_Assigned task_: Copy the listing exactly, leaving out every picture.

_Supplied data_:
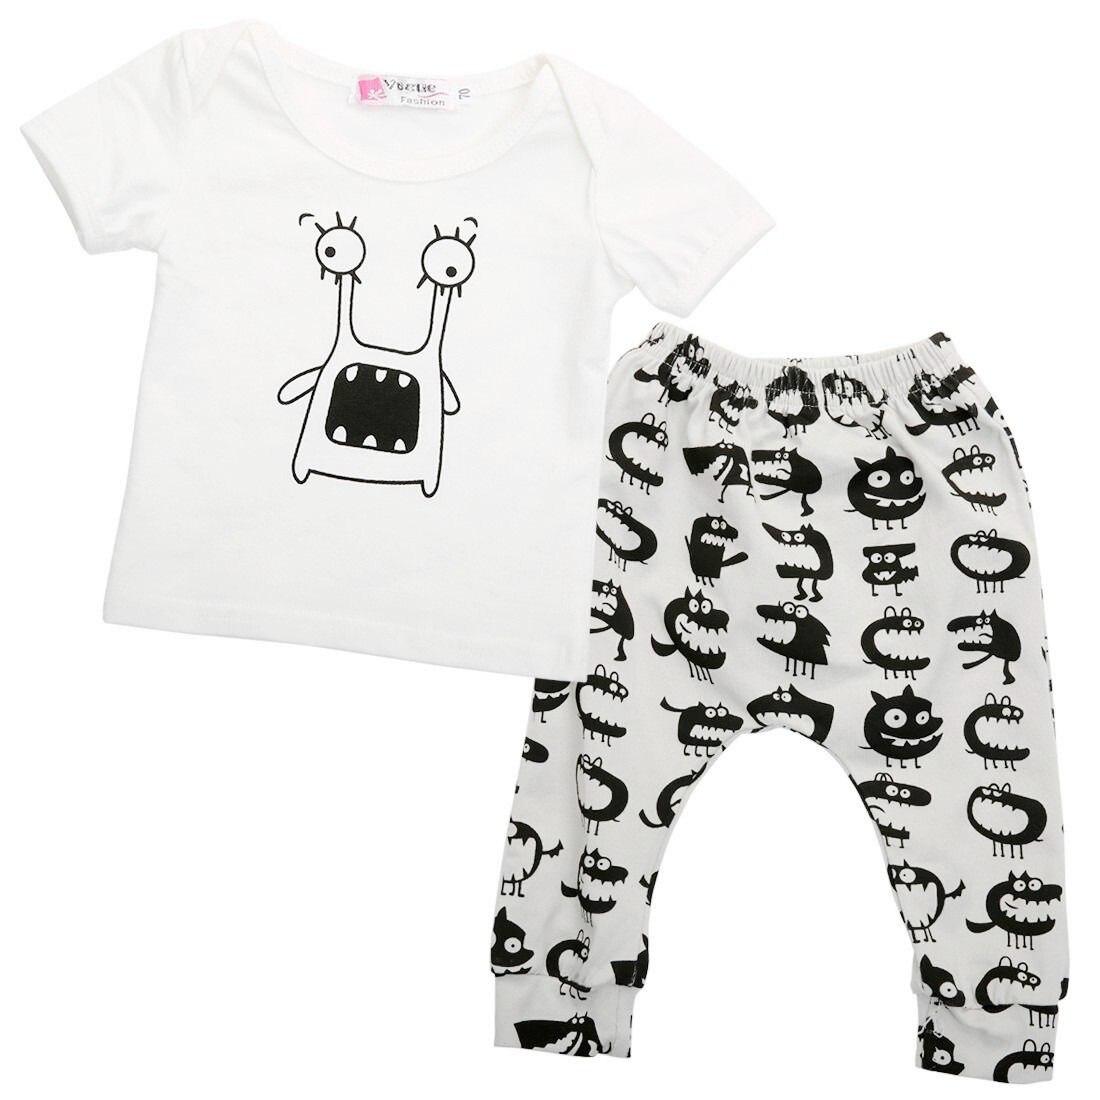 2pcs Newborn Toddler Baby Boys Outfits T-shirt Tops + Long Pants Kids Clothes Sets Wholesale
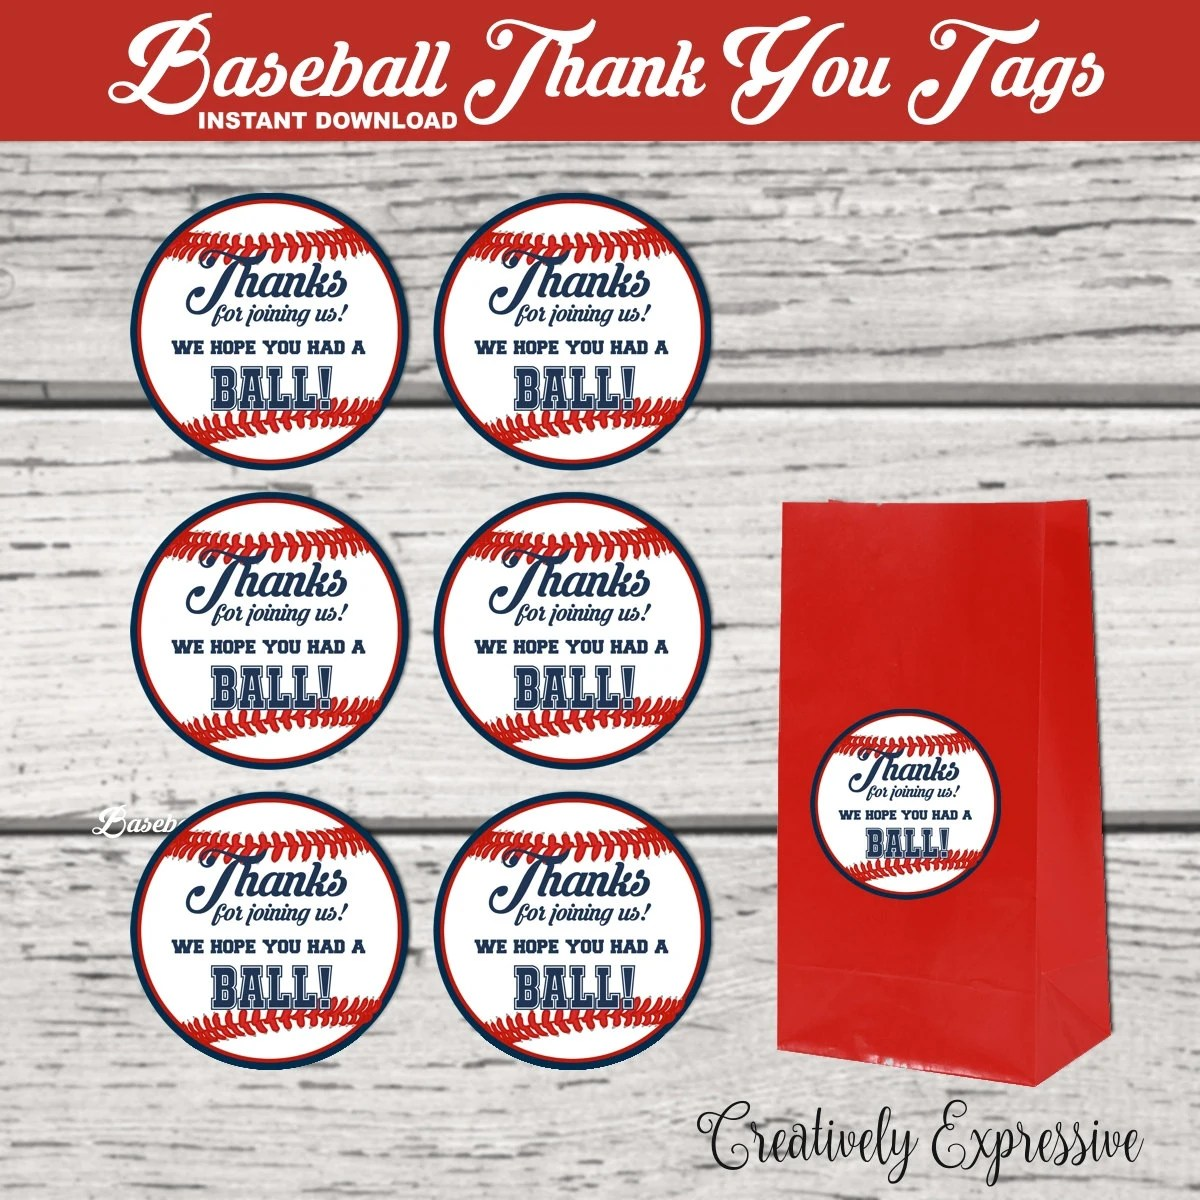 Baseball Party Baseball Thank You Tags Baseball Party Favor Tags
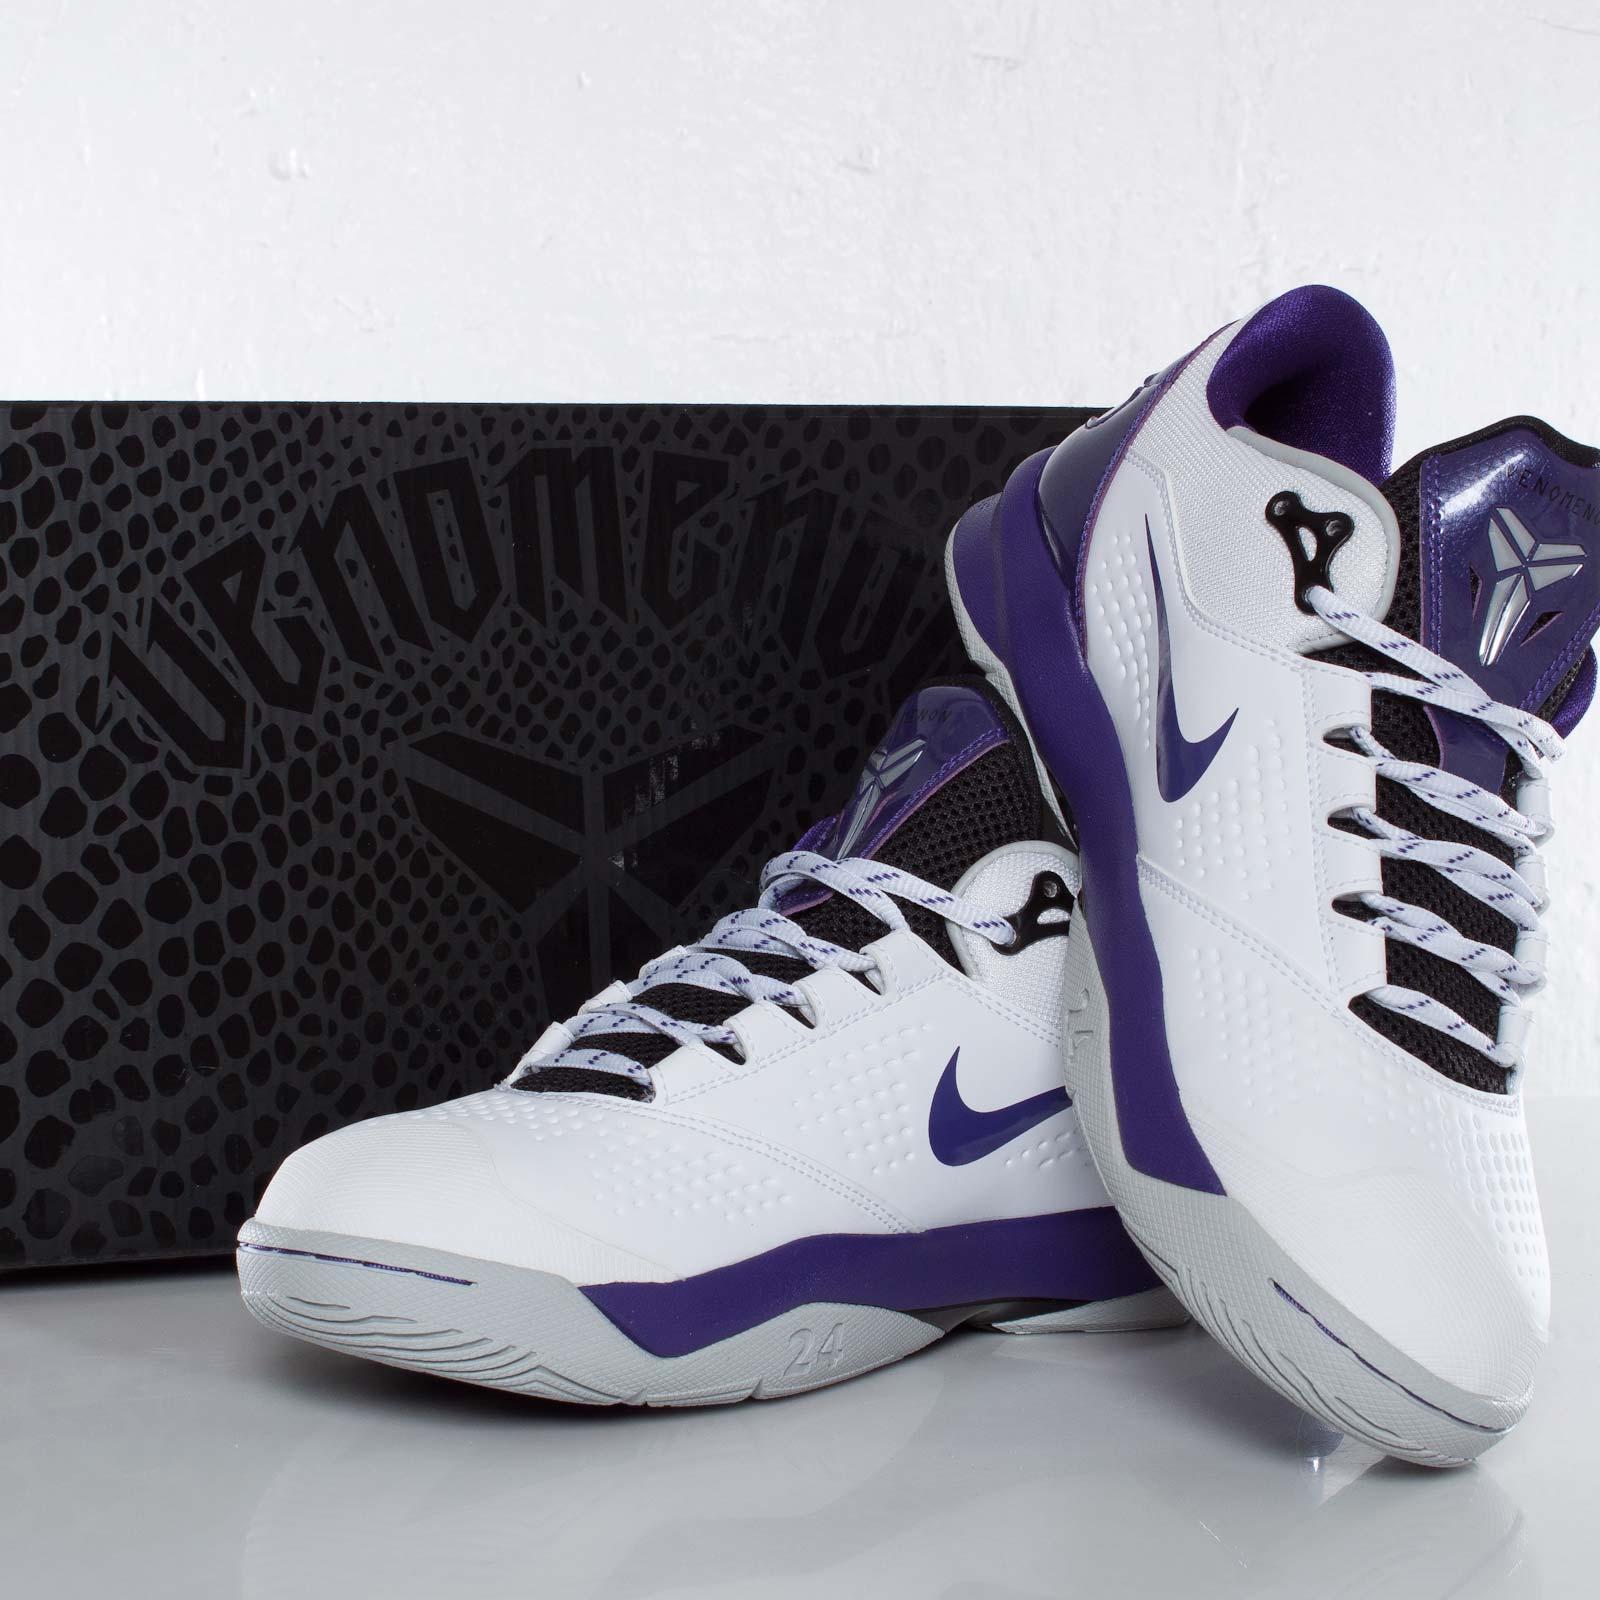 the best attitude 48069 2c2cf Nike Zoom Kobe Venomenon 3 - 555073-100 - Sneakersnstuff   sneakers ...

_Answer below_:
 2pcs Newborn Toddler Baby Boys Outfits T-shirt Tops + Long Pants Kids Clothes Sets Wholesale
 Baseball Party Baseball Thank You Tags Baseball Party Favor Tags
 the best attitude 48069 2c2cf Nike Zoom Kobe Venomenon 3 - 555073-100 - Sneakersnstuff   sneakers ...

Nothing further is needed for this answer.